One of the things I look for in any movie that is or approaches brilliant is the ability to sneak in actors as good as the ones anyone will know appears in the movie in supporting roles. Here the list includes Olga Kurylenko (proving once again she's not just a pretty face), Kevin Corrigan, and Harry Dean Stanton, who has made a career of these kinds of roles. There's also Tom Waits, better known for his music, making another periodic movie appearance. His most recent role was in The Imaginarium of Doctor Parnassus. His appearance here is as similar as he could get.
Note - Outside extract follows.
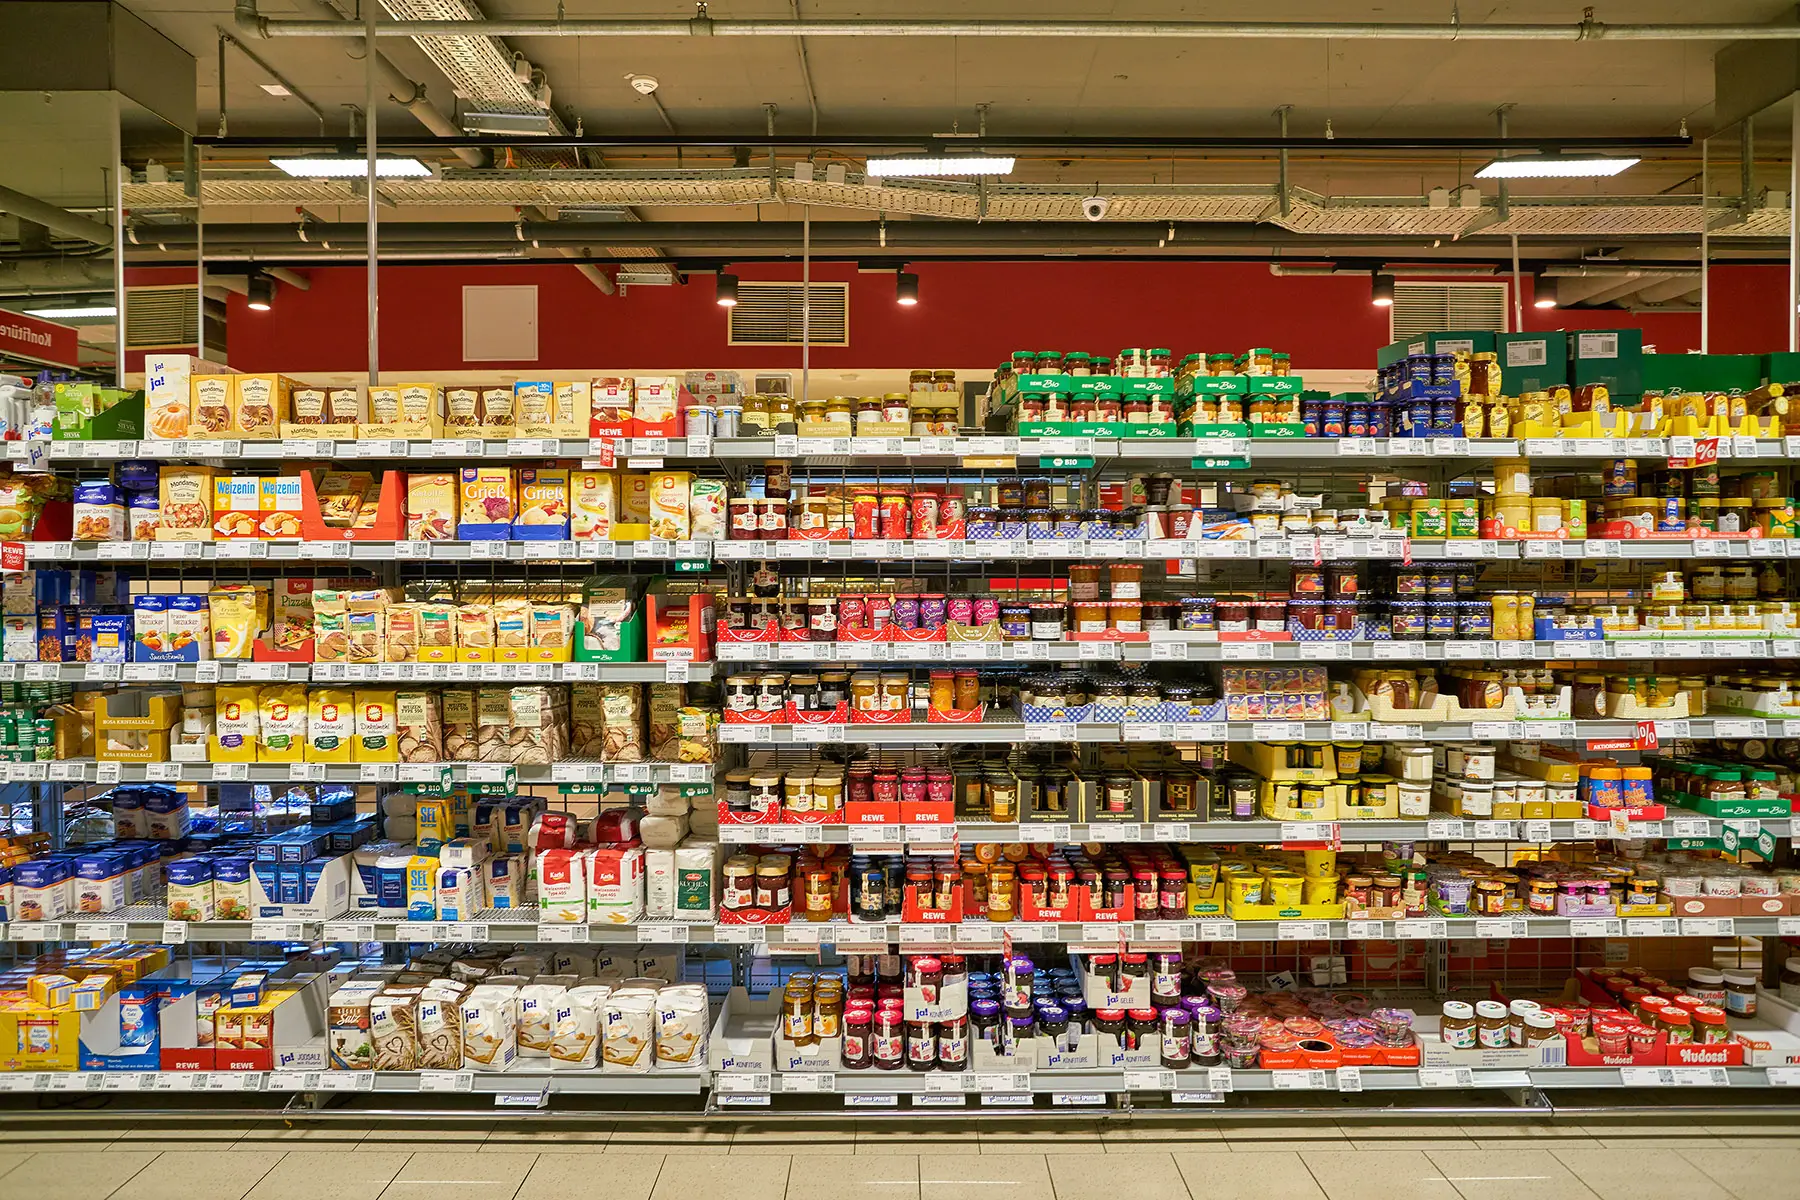 Supermarket shelves filled with products

It's also worth noting that the late Heath Ledger based his Joker in The Dark Knight on Waits. Ledger's Joker is the iconic psychopath of modern cinema lore. It stands to figure that Waits would have to be featured in a movie with that term in its title.
If you're another of those film fans like me who enjoyed the chaos of the Coen brothers' Burn After Reading, this is an experience you'll definitely enjoy. Farrell is restrained, for the most part, but he loses his kit at least once, and that may be worth seeing right there.